Женщина открывает рот, прежде чем захлопнуть его, складывая губы в тонкую линию. Как раз тогда, когда я ожидаю, что она отмахнется от своего вопроса, та выдает его в стремительном порыве.
— Знаю, что уже просила сделать все возможное, чтобы помочь мне, но чувствую, что мои ноги и под мышки становятся как у мохнатого мамонта, и я просто подумала… — Она резко останавливается, как будто у нее закончился запал, и краснеет.
А потом поспешно, но тихо, добавляет:
— Я хотела узнать, не мог бы ты помочь мне побриться?
Как только она задает свой вопрос, на ее щеках вспыхивает яркий румянец. И к черту все, если я не нахожу это чертовски очаровательным.
«Очаровательным? Господи. Что, блядь, со мной не так?»
Она просит меня побрить ей ноги и под мышки. Я сжимаю пальцы в кулаки, эта идея искушает меня так, как я и не думал, что это возможно.
— То есть, мне жаль. — Женщина запинается на словах, щеки заливаются более густым румянцем. — Это глупая девчачья затея, и, — она издает едва слышный смешок, — это не совсем входит в твои должностные обязанности, так что просто забудь об этом.
Ее попытка улыбнуться царапает по мне, как самая грубая наждачная бумага.
— Все в порядке.
«Что?»
— Что? — Она повторяет мою внутреннюю реакцию, голубые глаза расширены от удивления.
«Христос Всемогущий».
Я крепко сжимаю челюсть и перевожу свое внимание, быстро собирая все принадлежности, потом бормочу:
— Дай мне минуту, чтобы все убрать.
— О. Вау. Спасибо, доктор Кинг.
Я крепче сжимаю губы, чтобы удержаться от того, чтобы не ляпнуть: «Лиам». Чтобы не раздуть еще большее дерьмо, услышав мое имя на ее губах.
Почему это вообще имеет значение, почему меня это искушает, не имеет ни малейшего смысла. А это значит, что мне нужно быть более осторожным, чем когда-либо.
Мои движения лаконичны и быстры. Я беру свежую бритву и старый тюбик с кремом для бритья, прежде чем вымыть и наполнить теплой водой судно. Положив все эти предметы на столик рядом с ее кроватью, я лаконично приказываю.
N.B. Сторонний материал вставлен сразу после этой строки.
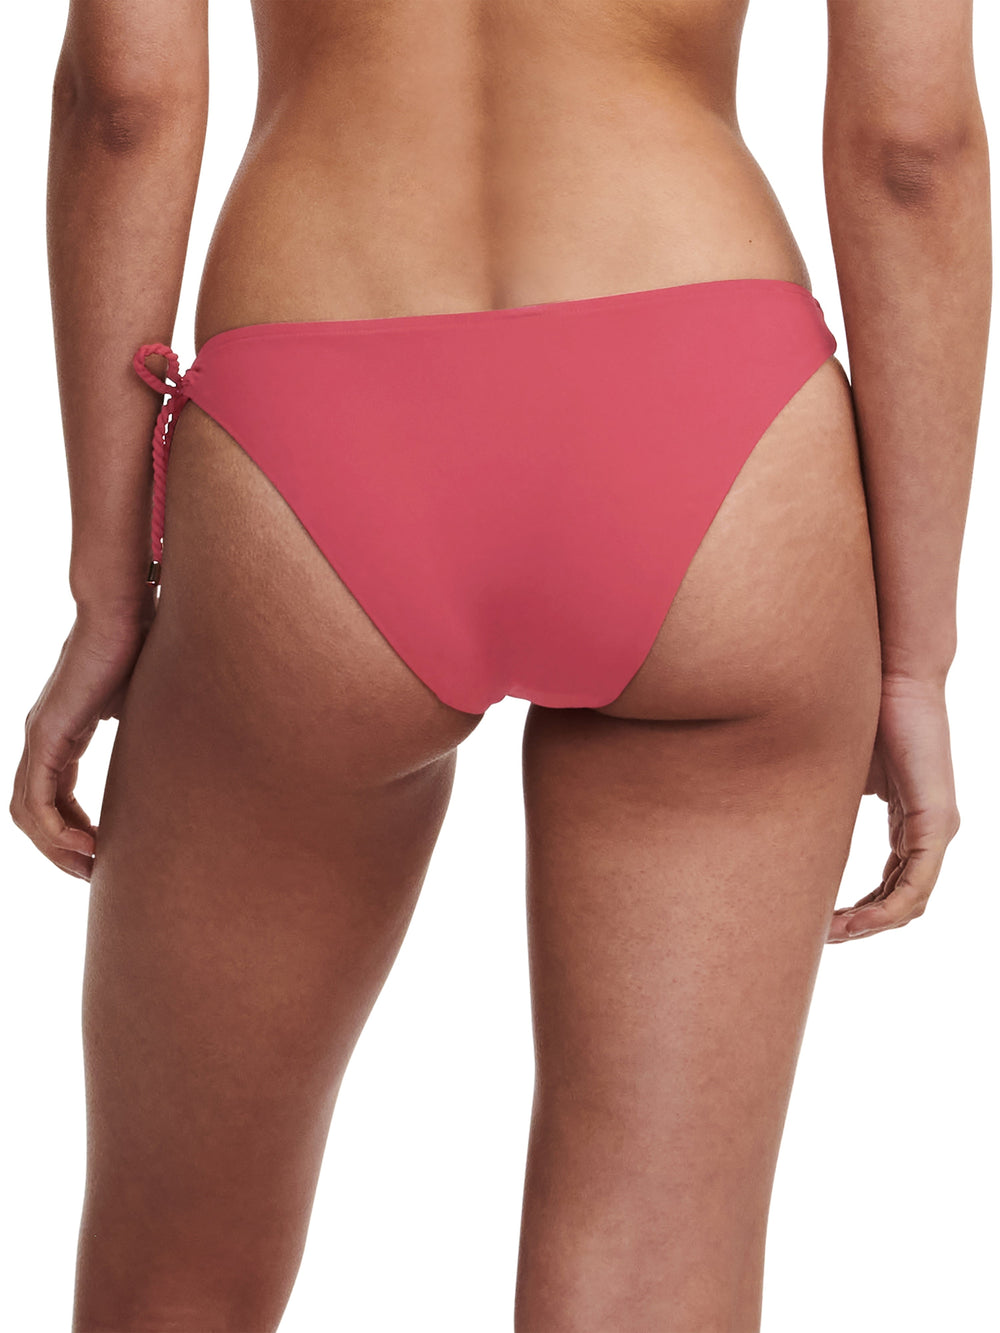 Chantelle Swimwear Inspire Bikini - Гранатово-красное бикини с полной чашкой Chantelle

— Не пытайся перенапрягать руку, если это слишком больно. И скажи мне, если я причиню тебе какой-либо дискомфорт.
Мышцы напрягаются под моей кожей, я тянусь к ее руке и осторожно поднимаю ее. Когда она делает неглубокий вдох, я в тревоге устремляю взгляд к ней, но ее взгляд прикован к бритве.
Она произносит слова медленно, с нотками удивления.
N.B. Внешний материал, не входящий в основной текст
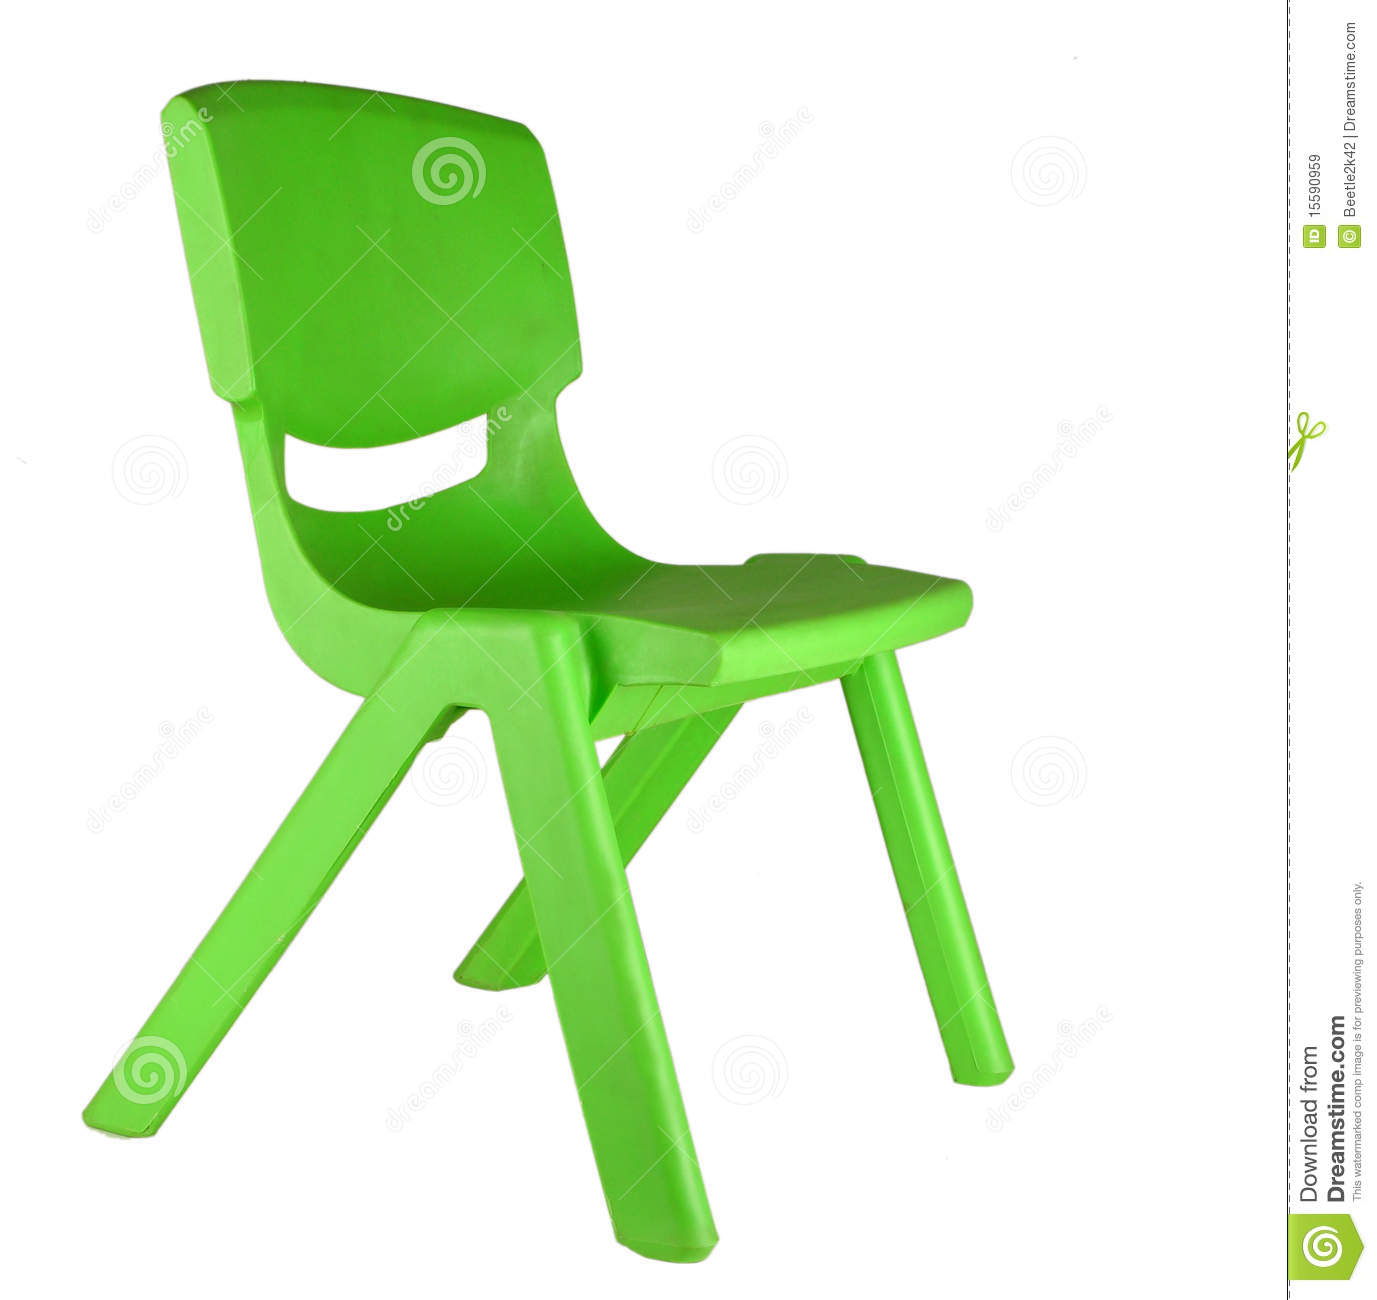 Kid chair stock.

— Ты можешь просто воспользоваться теплой водой.
Голубые глаза переходят на мои, и она сосредоточенно хмурит брови.
— Я просто… вспомнила об этом. Что раньше я брилась просто под теплой водой в душе.
Я сжимаю пальцы вокруг бритвы, пластик впивается в кожу.
— Что-нибудь еще?
«Например, как, черт возьми, ты докатилась до такого состояния?»
Взгляд темнеет от разочарования, ее голос приглушен.
— Нет.
Я прочищаю горло.
— Со временем все вернется.
Она позволяет мне немного приподнять каждую из ее рук, ровно настолько, чтобы провести бритвой по области под мышек. Я не тороплюсь, игнорируя внутренний голос, который говорит мне, что я еще больше все порчу. Еще больше замутняю и без того застойные и грязные воды этих обстоятельств.
Приподнимаю низ ее халата, чтобы открыть одну длинную ногу, загорелую и упругую, и сосредоточиваюсь на том, чтобы оставаться как можно более профессиональным.
Но мое намерение превращается в дерьмо, как только я кладу руку на ее лодыжку, сбривая волосы, покрывающие ее стройную икру. Контраст моей более темной загорелой кожи с более золотистым загаром ее ноги привлекает мое внимание.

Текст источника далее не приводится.